2023: Week 12 - Solution
Solution by Tom Prowse and you can download the workflow here.
This weeks challenge is a long one, so hopefully you stayed with it and chipped away at the different techniques that were required to solve the challenge.
Step 1 - UK Bank Holidays
This will allow us to fill down the year for each row and bank holiday date
From here we can tidy the table by keeping the relevant information. First we want to find the max source row number for each year:
Max
Then we can filter to keep only where the Max = the Source Row Number-1 and finally remove the Max, Source Row Number-1, Source Row Number, and Year field then rename Year-1 to Year. Our table should look like this:
Then finally we can remove the nulls from the Date field and create a date based on the Date and Year fields.
UK Bank Holiday
Then after removing the unneeded fields we should have a list of all UK Bank Holiday dates:
Step 2 - Combine UK New Customers
We can then join this table onto our existing workflow ensure that all of the rows from the UK Bank Holiday table is included. This will mean that we need to use a left (or right) join where UK Bank Holiday = Date:
After the join our table should look like this:
Step 3 - Reporting Days
Next we want to identify the reporting days as per the requirements:
This allows us to identify the weekends (Sat & Sun) and the values with no date within the UK Bank Holiday field are reporting days.

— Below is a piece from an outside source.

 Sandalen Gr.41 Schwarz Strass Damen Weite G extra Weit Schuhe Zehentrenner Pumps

From here we can then split the workflow to assign customers based on the next reporting day that they joined. We can have separate branches for this:
Joined on a Non-Reporting Day
All we need to do here is filter the Reporting Day field to Keep Only 'N'.
We then need to make sure we have all of the reporting days in this list so that we can reassign to the closest reporting day. For this we need a separate branch where we filter the Reporting Day field to exclude 'N'.

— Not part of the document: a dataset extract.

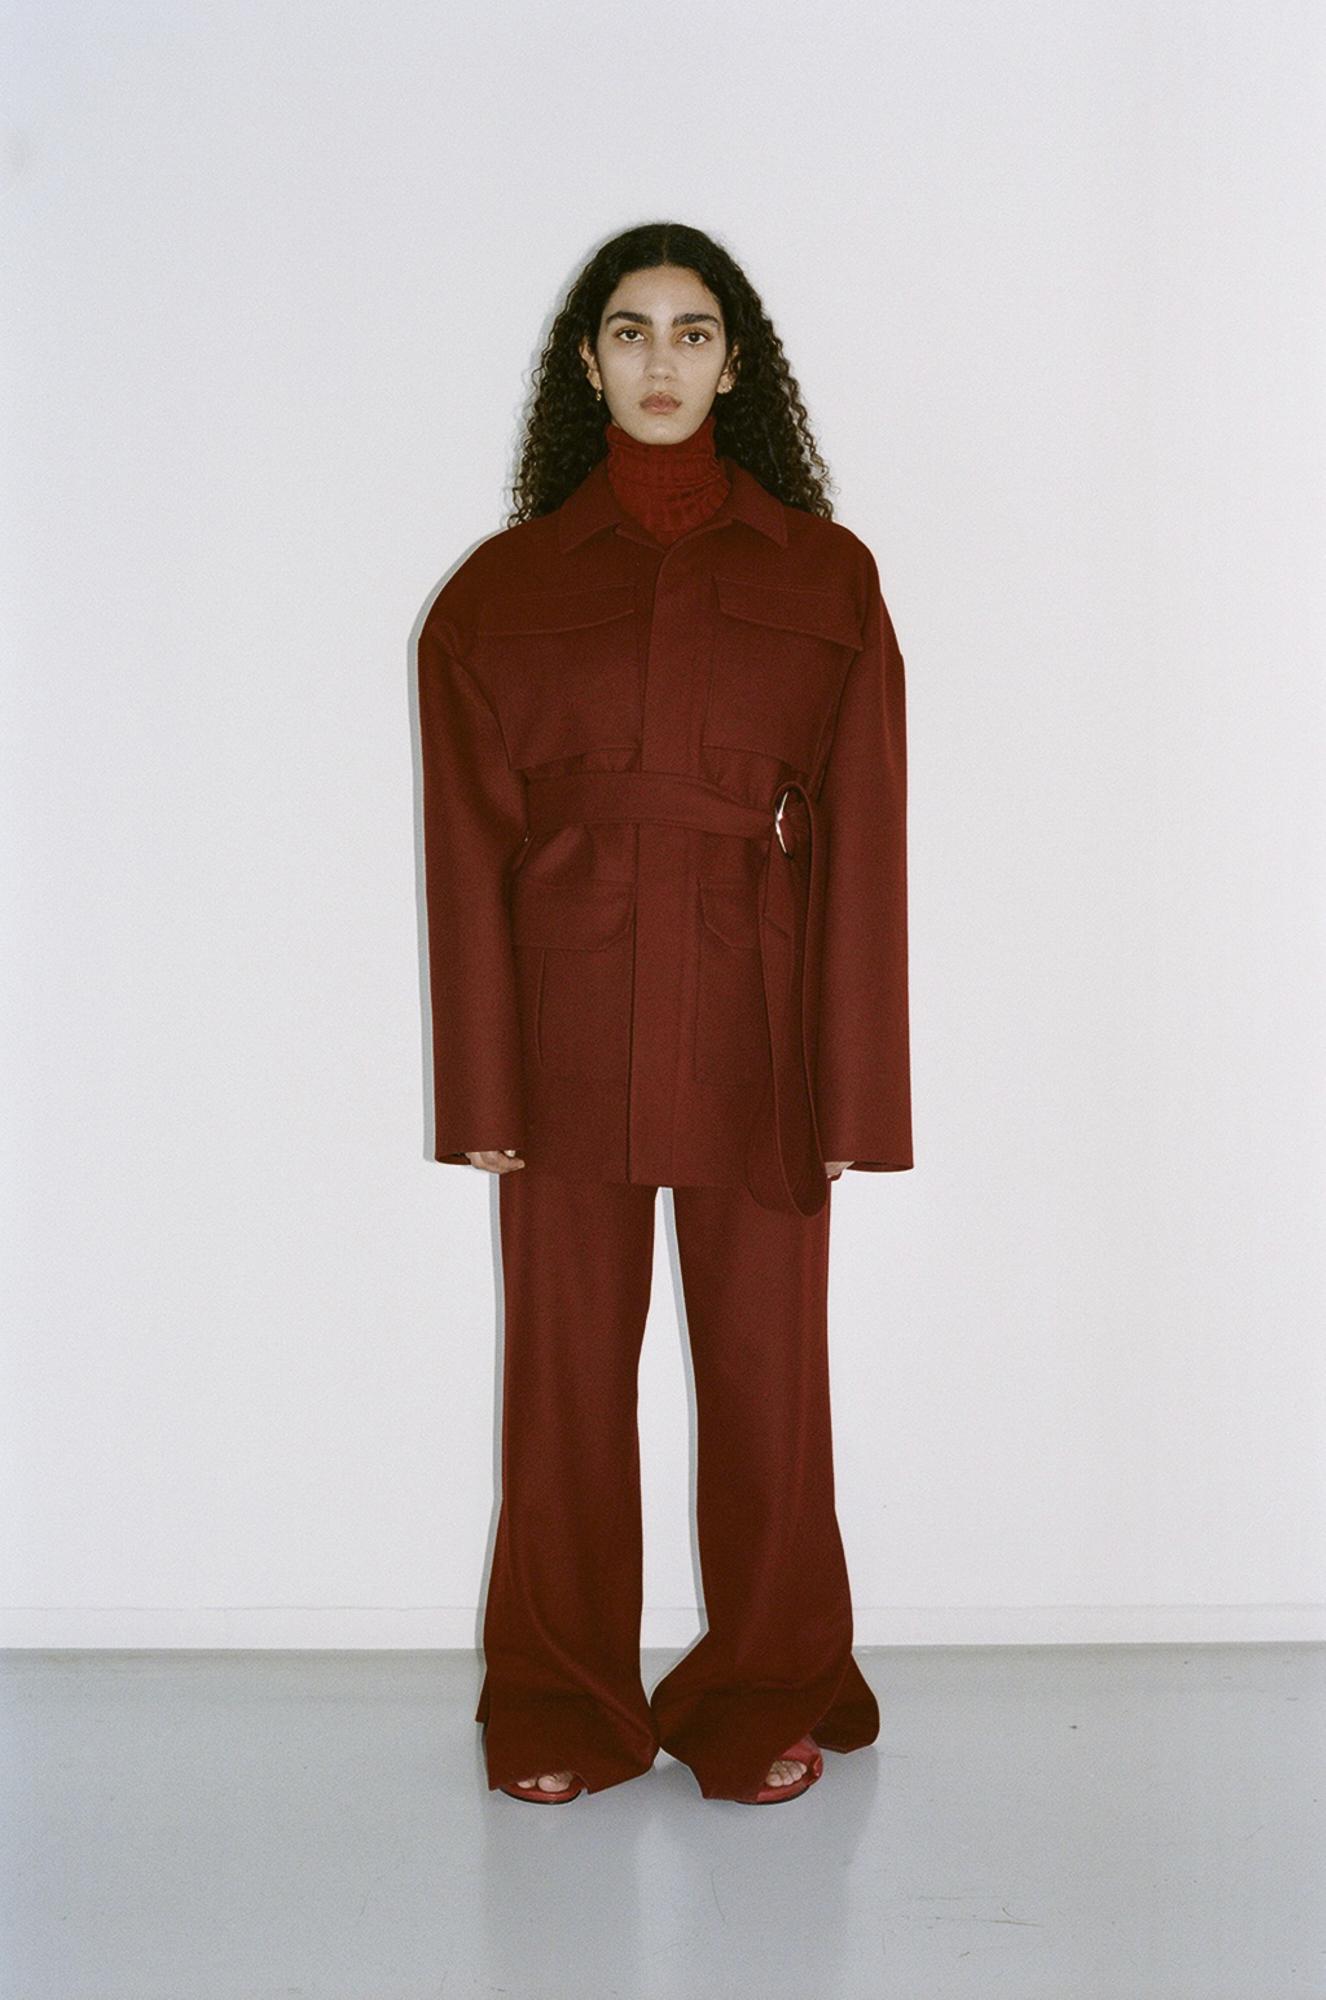 GAUCHERE Fall Winter 2021 Paris Fashion Week LOOK 10 Coat TEONA, Top TOMOKO, Trousers TAPIO, Shoes PILLOW

Then rename Date to Reporting Date and remove all other fields. Once we have the list of reporting dates, we can then join this back to the branch of non-reporting days. This join needs to be an inner join where the Date (from the Non-Reporting branch) < Reporting Date (from the 2nd branch).
This allows us to then have all the reporting dates after the given date, so we can then use a Fixed LOD to identify the minimum - this will identify the next reporting date:
Once we remove the Min field our table should look like this:
Reporting Days
We need a final branch which will include all of the reporting days. Within this branch we want to filter the Reporting Day field to keep only 'Y' and then rename Date to Reporting Date.
From here we can combine both branches by using a Union so that we have a single table that looks like this:
We can then aggregate the view so we have a total number of customers for each reporting date:
Then find the last day of each month:
Then as per the requirements, we want to remove the January 2024 months by excluding this from Reporting Month field.
Then finally calculate the Reporting Day by using this calculation:
Reporting Day
{ PARTITION [Reporting Month]: { ORDERBY [Reporting Date] asc : ROW_NUMBER()}}
After these calculations our table should look like this:
Step 4 - ROI Data
We're now ready to include the ROI New Customer table. Within this input we can remove the reporting day and rename the Reporting Month and New Customer fields with an ROI prefix using the Rename Fields functionality:
We can now align the ROI data to the UK Reporting Days. First we can use a left join to on Reporting Date to ensure that we're matching all the dates from the UK branch and the ones that match in ROI:
We can also do the inverse by using an outer right join on the same fields on a separate branch:
After this join we can rename the Reporting Date-1 field to Reporting Date and then keep only ROI Reporting Month, ROI New Customers, and Reporting Date.
We can then bring both branches together by joining where the UK Reporting Date > ROI Reporting Date.
We can then find the next day by finding the minimum:
Min
Then filter the table where [Min]=[Reporting Date]
We can then combine this back with the other Reporting Days via a Union and the table should look like this:
Step 5 - Final Cleaning
Finally we need to tidy the table a little more. We can replace any nulls in the New Customer & ROI New Customers field with a 0.
Then finally we want to create a flag to identify where the reporting months differ between the two systems.
For this we want to aggregate where we group by Reporting Month, Reporting Day, and Reporting Date, then Sum New Customers and ROI New Customers, and also return the Max ROI Reporting Month.
Then finally we can use this to create a misalignment flag:
Then we are ready to output our table that should look like this: